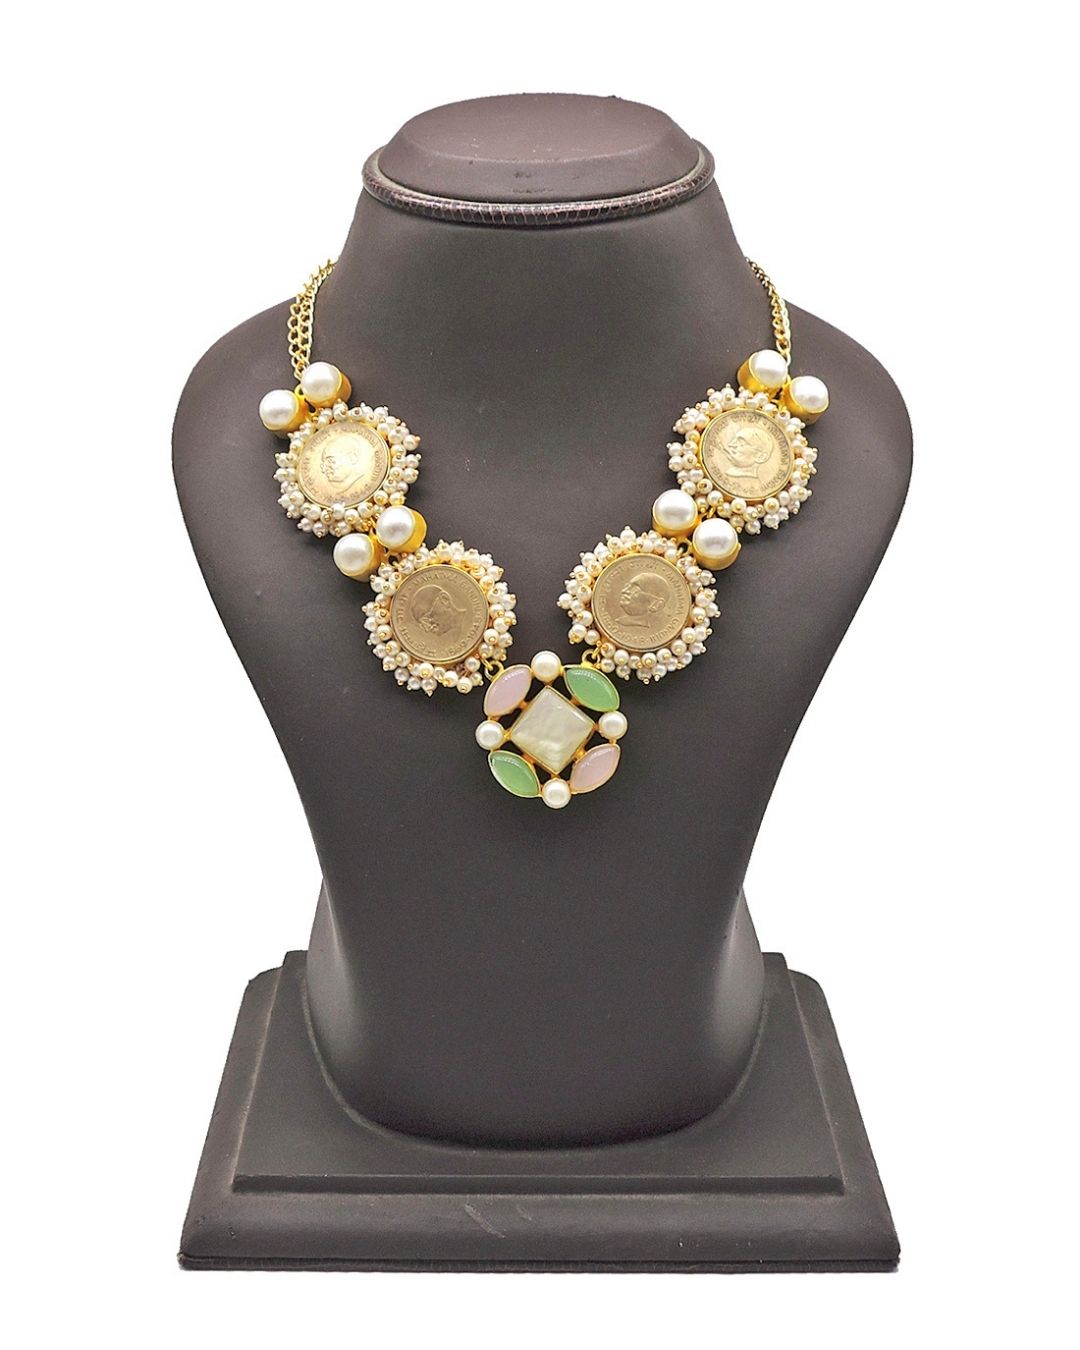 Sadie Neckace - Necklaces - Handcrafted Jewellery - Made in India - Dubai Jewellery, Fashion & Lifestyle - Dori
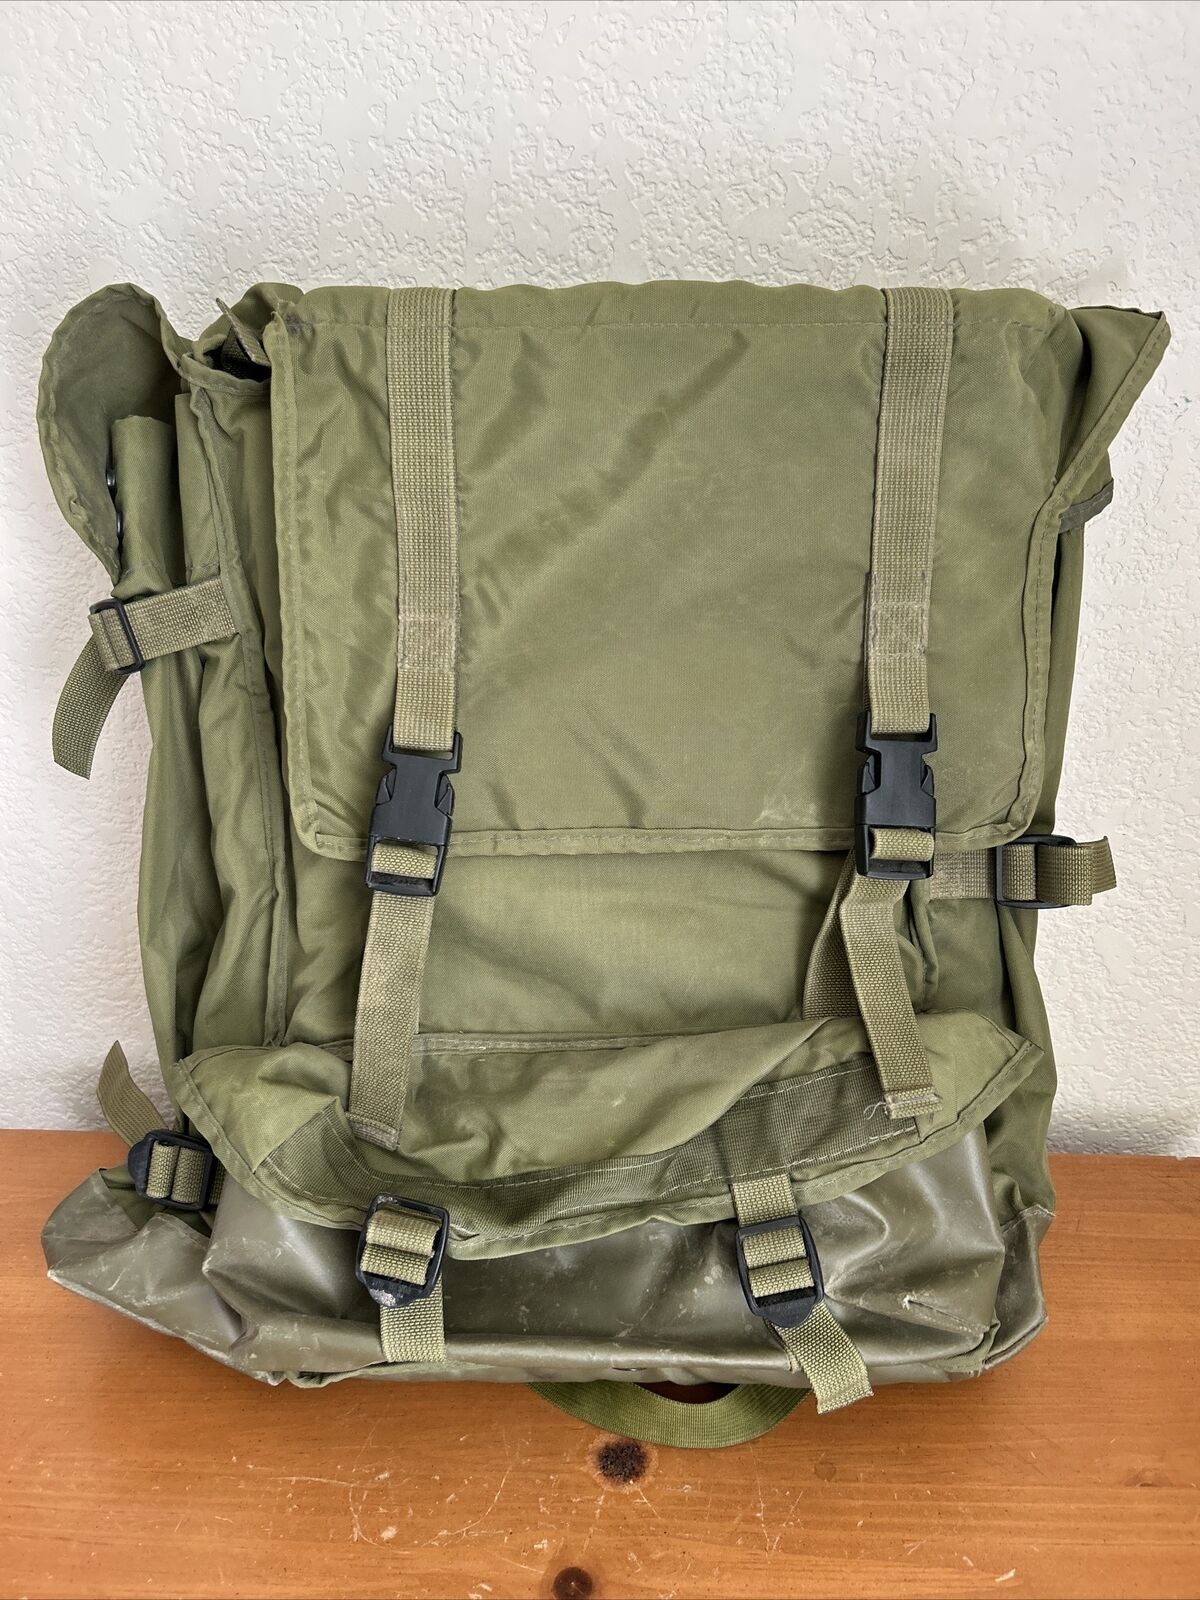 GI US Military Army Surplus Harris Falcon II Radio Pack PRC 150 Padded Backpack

--

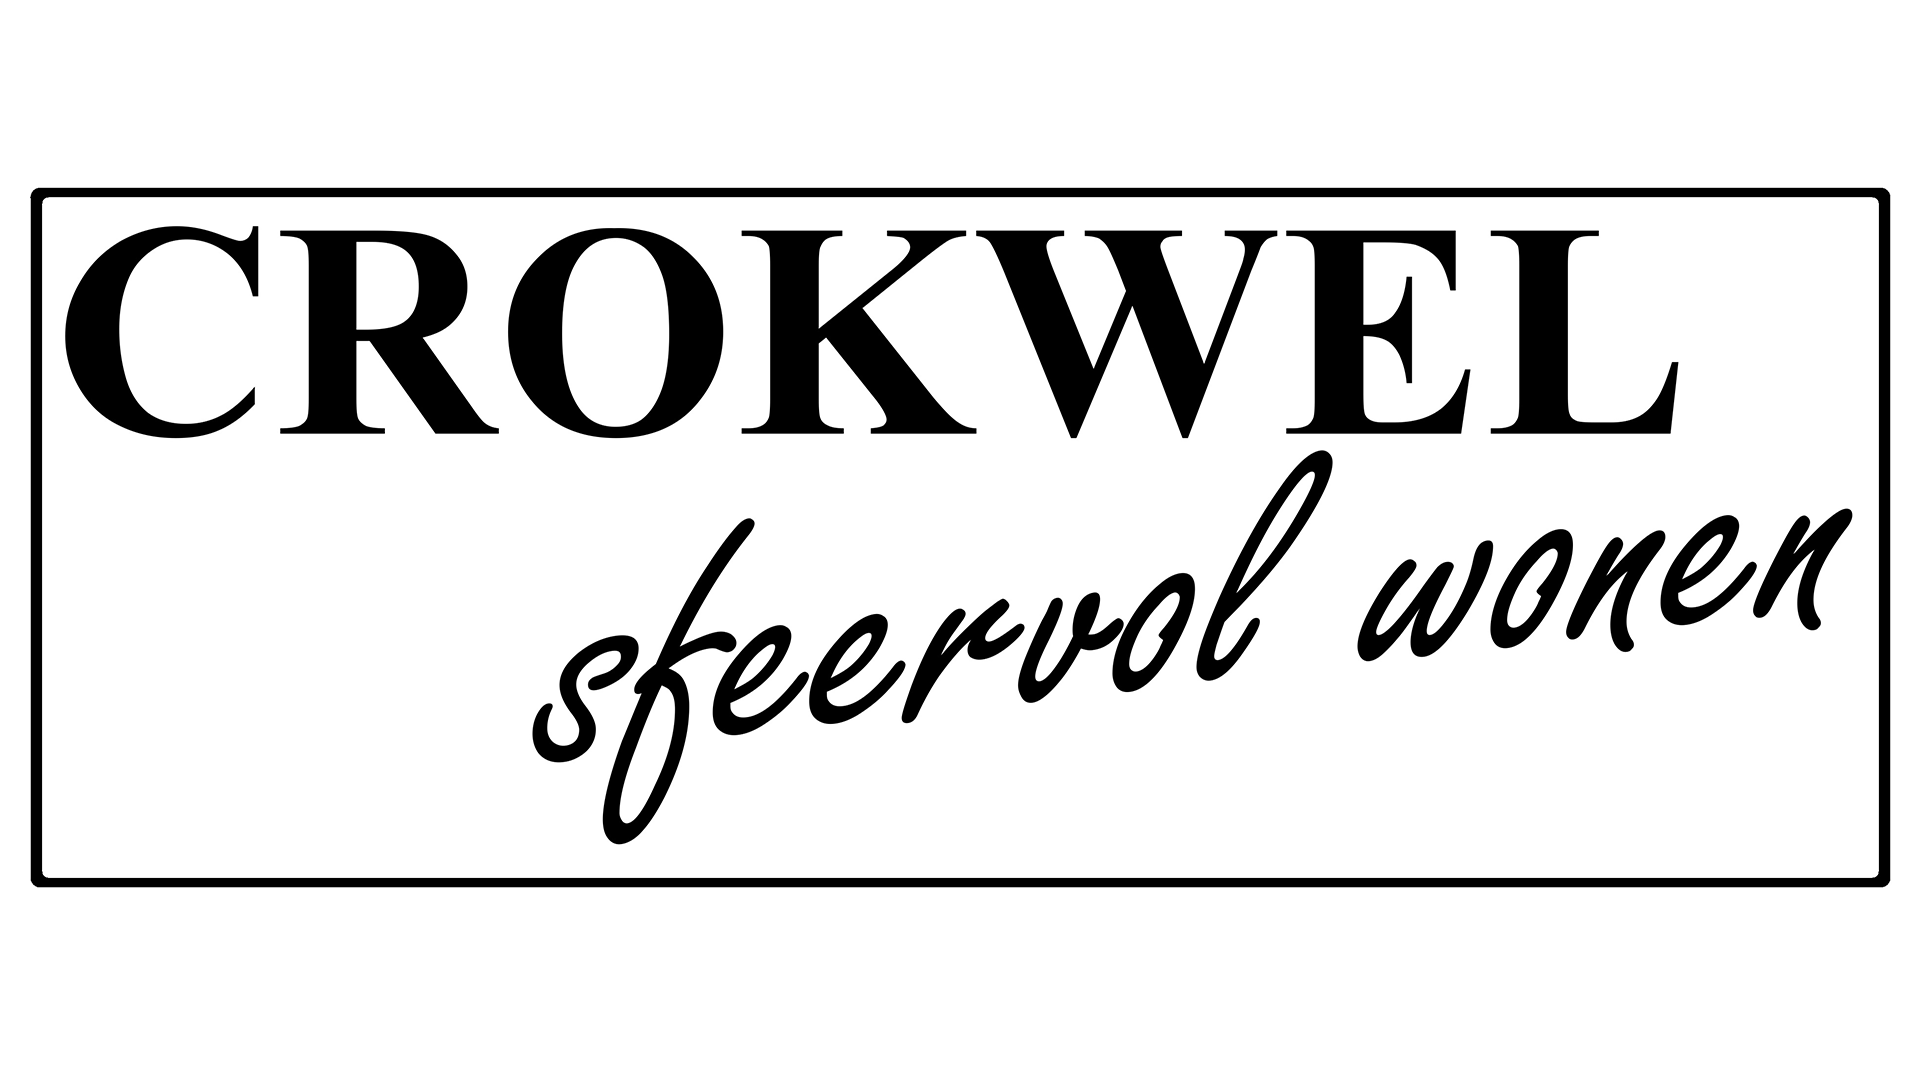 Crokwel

--

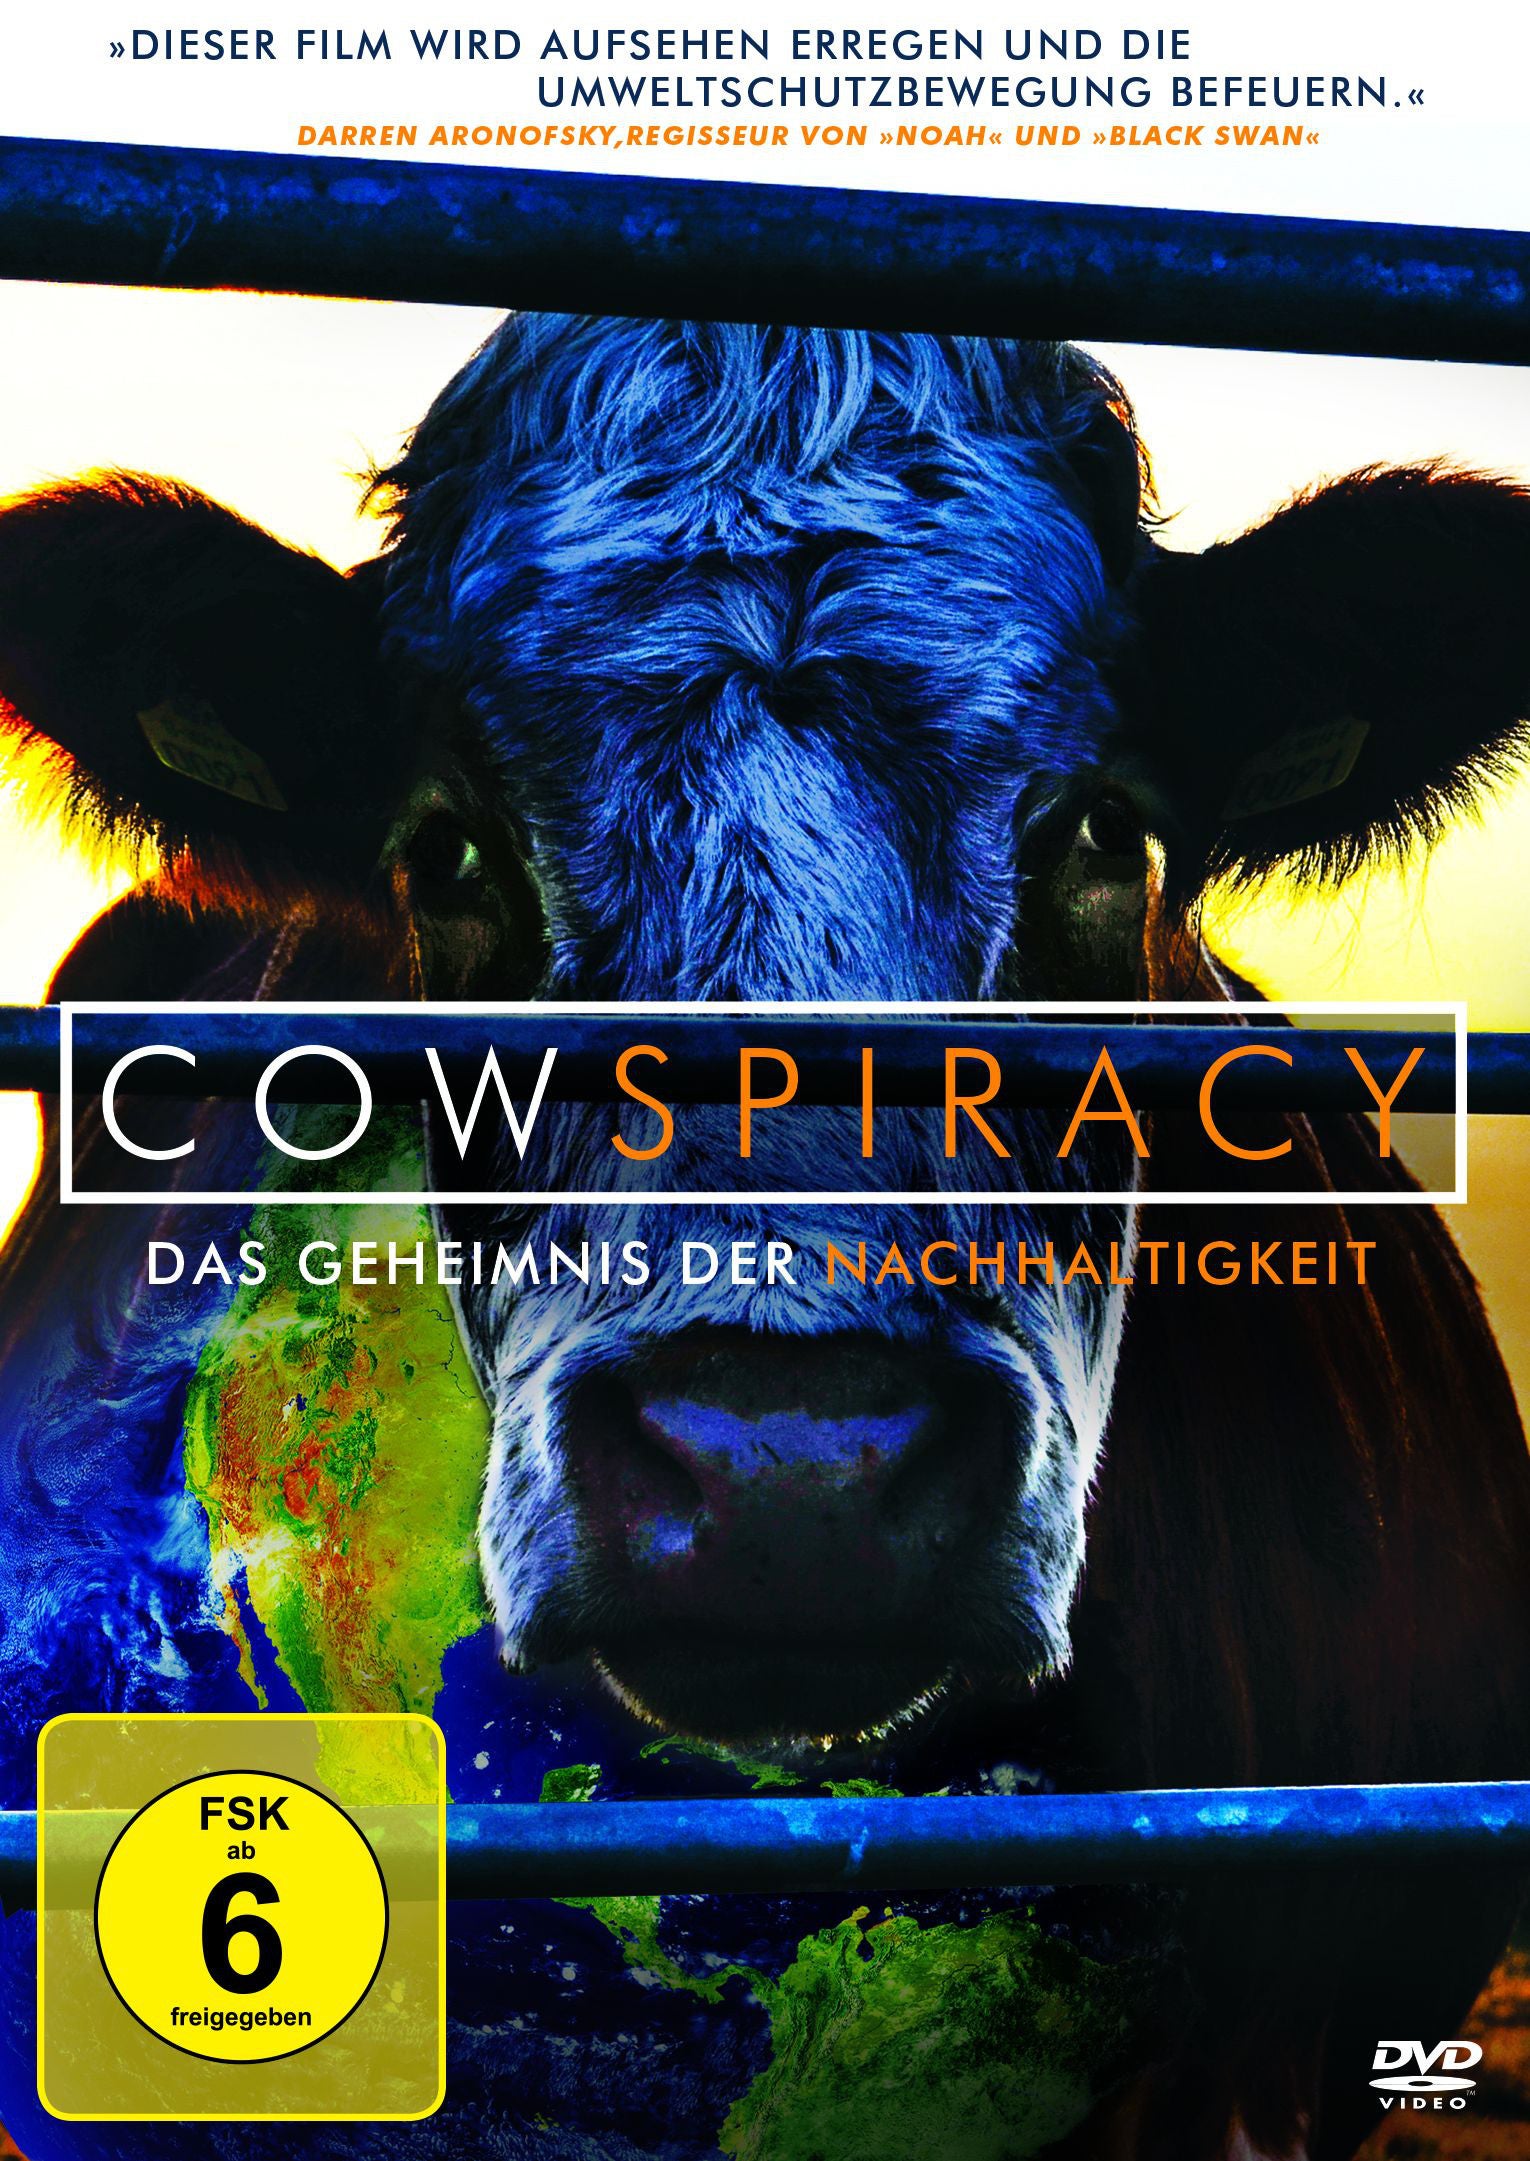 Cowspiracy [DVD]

* [Required action]: Could you write out exactly the lines of the data above that run from the one holding "Sadie Neckace - Necklaces" to the one holding "GI US Military", with both ends in and all pictures out?

* [Answer box]:
 Sadie Neckace - Necklaces - Handcrafted Jewellery - Made in India - Dubai Jewellery, Fashion & Lifestyle - Dori
 GI US Military Army Surplus Harris Falcon II Radio Pack PRC 150 Padded Backpack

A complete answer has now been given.